Months, he thought, and dreaded it. “I’m not ending it, all right? I just … You were right. This is dangerous. Strange and dangerous. Maybe I was being a little flippant about it before. And then you turned into a burning angel and commanded the souls of the damned to tear apart some sellswords.”
“That is the second time in my life I’ve used that spell,” she said hotly. “I hate it. If I’d had another option—”
“Hey, hey. I’m not saying you shouldn’t have.” That was a lie. He couldn’t get the memory, the echo of the fear that hit him right in the stomach as she changed, out of his thoughts. What should she have done instead? he thought. He still didn’t have an answer.
He took her hand in his, as much to reassure himself as to reassure her. “I’m not saying you can’t come. I’m only saying you were right. This is a lot to worry about—a lot I don’t know if my family ought to be brought into. And I don’t know how much control you have over that.”
Farideh still wouldn’t look at him. “So what would I do? Stay here?”
“I haven’t thought through that part,” Dahl admitted. He could hardly ask her to stay in Suzail, now that her family had no ties left to bind them there. “What do you want to do?”
Farideh pursed her mouth and shook her head. “I wanted …” She trailed off into a terrible silence. “I don’t want to go where I’m not wanted.”
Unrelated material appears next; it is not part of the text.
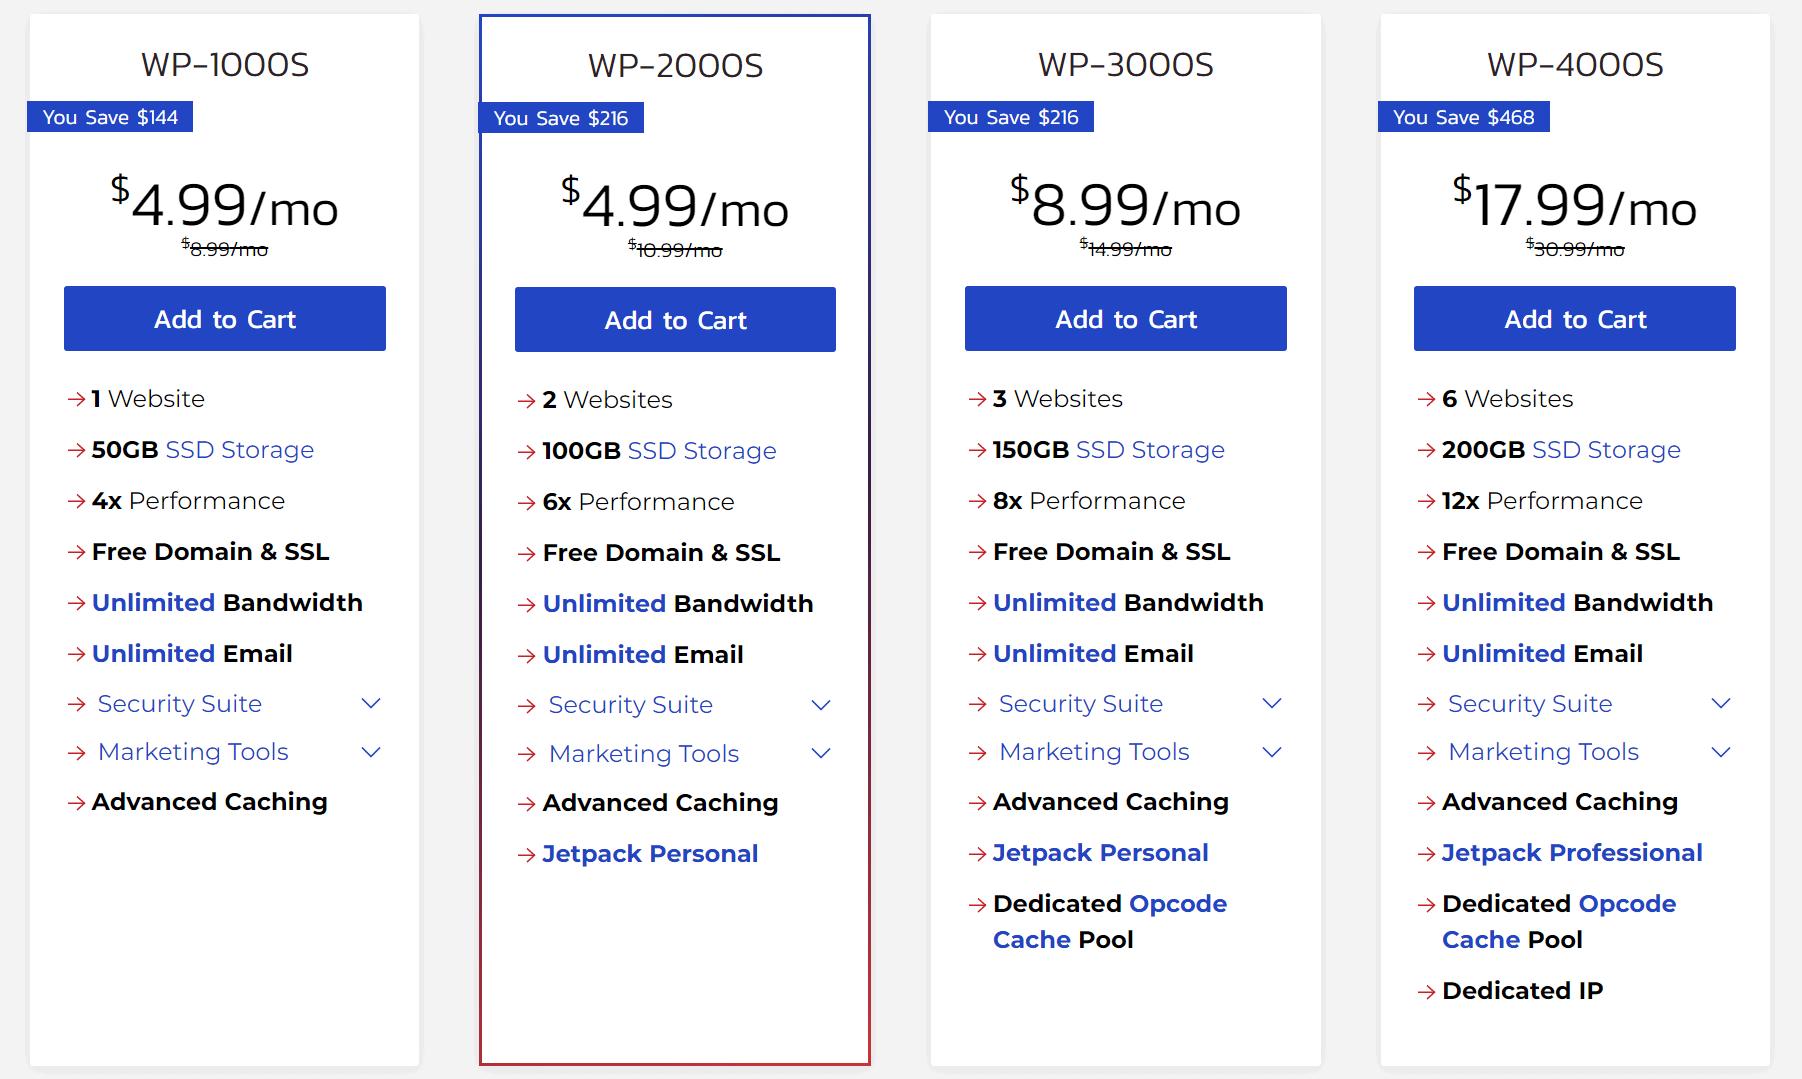 WordPress-Hosting-Best-WP-Plans-Prices-InMotion-Hosting

“That’s not what I’m saying.”
“Then what are you saying?” She looked at him then, and it nearly tore his heart. “What do you want from me? You can’t just bring up leaving me behind, as if it’s the same if I stay or go. You said it didn’t matter, and now … now it matters, now you’re afraid I’m … what? That I’m going to set your mother on fire?”
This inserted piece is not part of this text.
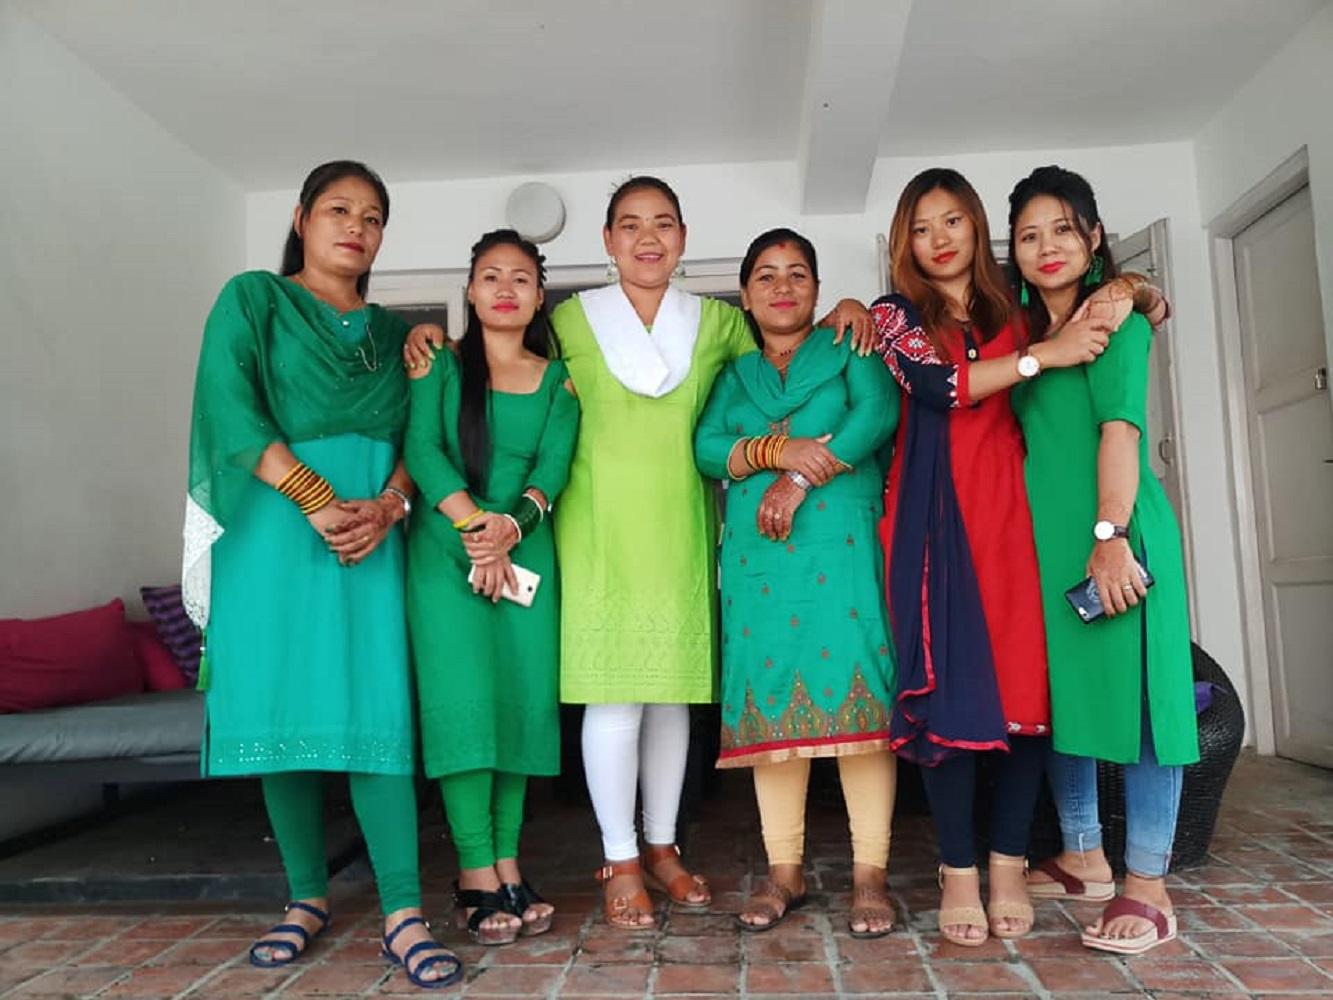 Dorje an her team at Tings Kathmandu

“Don’t be ridiculous,” Dahl said. But she did hit you with that magical missile, he thought. An accident—whatever had happened with Ilstan was still a mystery, and with the war wizard’s body still missing …
How can you even think of leaving her? Dahl asked himself. But then he thought of the burning angel, the ravenous souls of the damned—how have you not run already? There wasn’t a doubt in his heart that if a soul said a word about Farideh being a tiefling, he would defend her to the last. But if they said anything about her being a Chosen of Asmodeus?
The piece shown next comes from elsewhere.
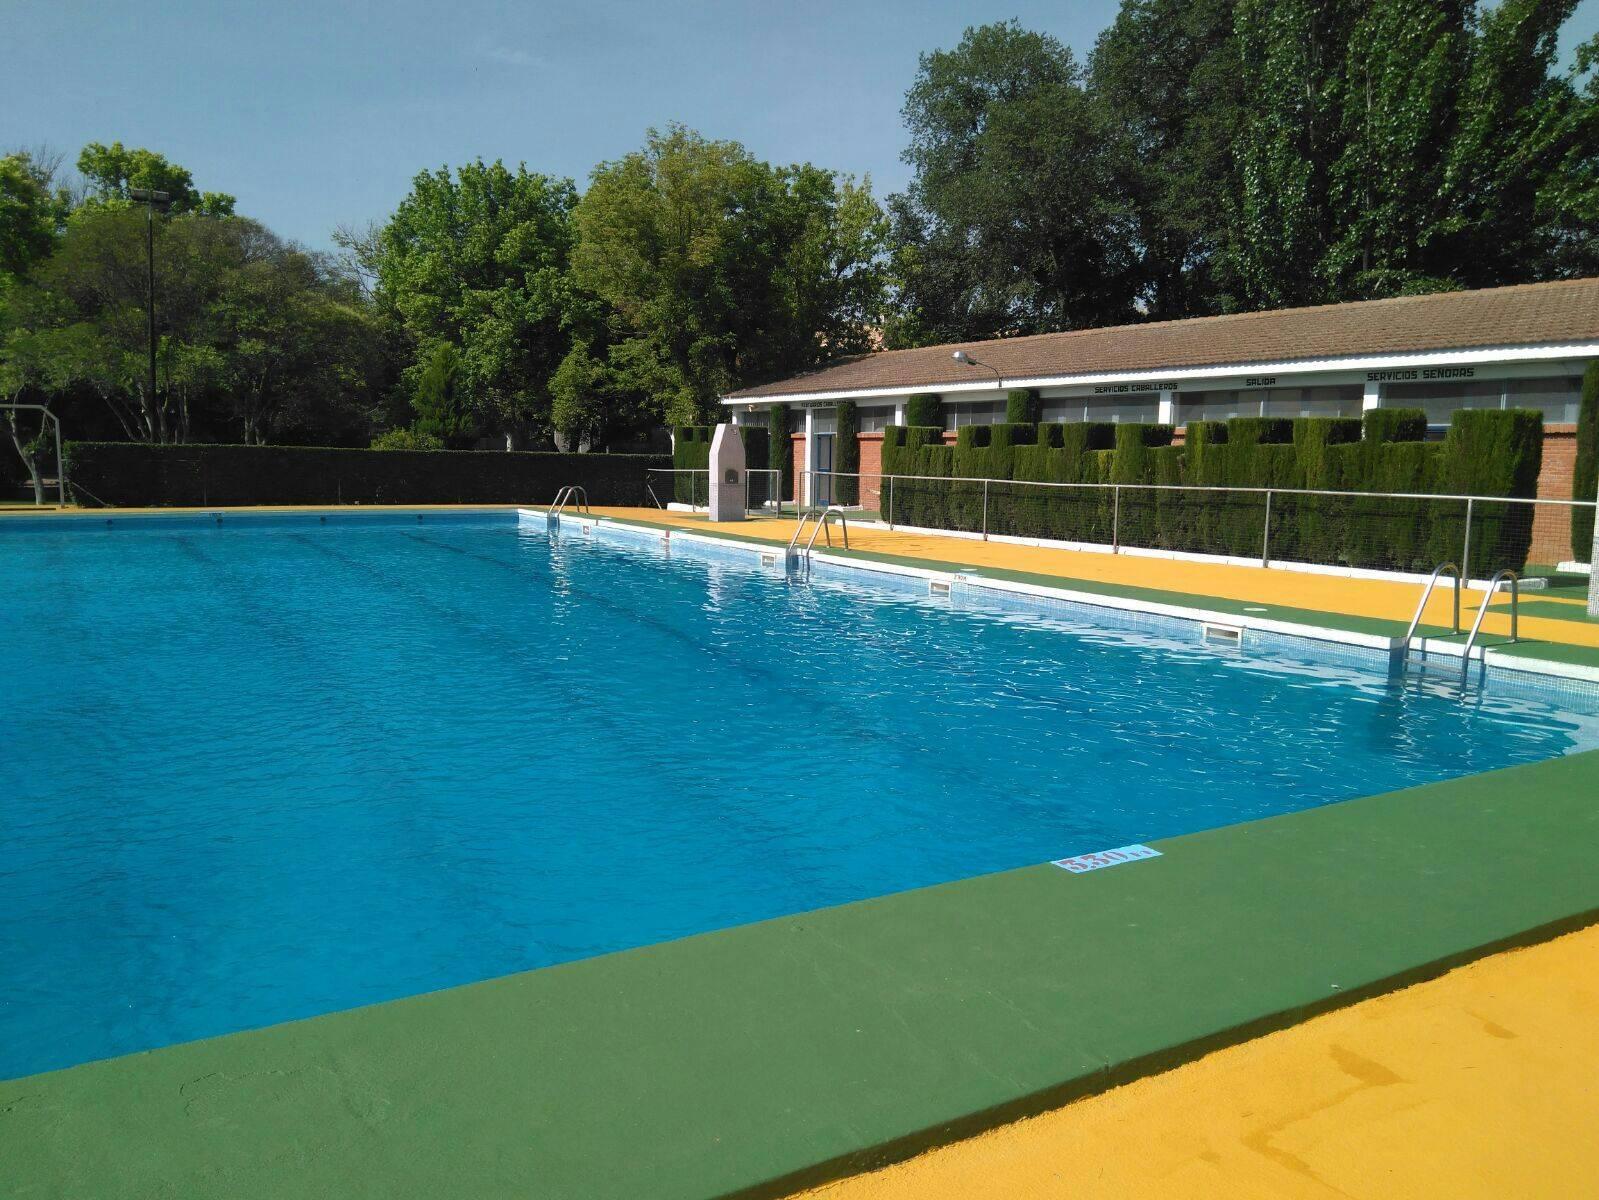 piscina municipal 2017 herencia 1 - Tarifas de la Piscina Municipal de Herencia para temporada 2018

“You should go,” Farideh said, even though her hands still knotted around his. “You have to pack and … what do I tell the others?”
He pulled her closer. “I want to make sure that you’re ready for this. That’s what I’m asking. That’s what I want you to think about. I love you. I just want this to be easy.” He bent to kiss her, and she turned her cheek to him.
“It’s not going to be easy,” she said. “You know that.”
There’s another answer, Dahl thought, even though he wasn’t sure he ought to believe that. He kissed her and left the tallhouse, ostensibly to pack his things, to settle his plans with Vescaras and make certain the Harpers would not suffer at his absence. But instead he went to the Temple of Oghma and lay upon the floor before the idol.
The answer did not lie in the peace of Oghma. After uncountable hours of chasing the god’s attention, trying not to beg for answers, Dahl sat up. He crossed his legs and rested his head in his hands.
He never gave you answers, Dahl reminded himself. You figured out the answers. You have to figure this one out too. That, alone, brought the faint warmth of the god’s presence, and Dahl sighed.
She warned you, he thought looking up at the idol of Oghma. She told you she was a Chosen of Asmodeus and you didn’t ask what that meant. You didn’t want to know.
But you love her, and that is true. He loved her beyond all reason, and the very idea of never seeing Farideh again was so unbearable he rejected it out of hand. Everything that happened in the tunnels didn’t change the fact he loved her.
It makes it harder, he amended. But it doesn’t change it.
So there are two paths, he reasoned. Either you accept that she is bound like this, that she has a god’s notice she wishes were gone. You stay and you stand by her and you accept what that means. Or you decide it’s all too much and you let her go—you can’t ask her to stay with you if you won’t stay with her. It was that simple after all.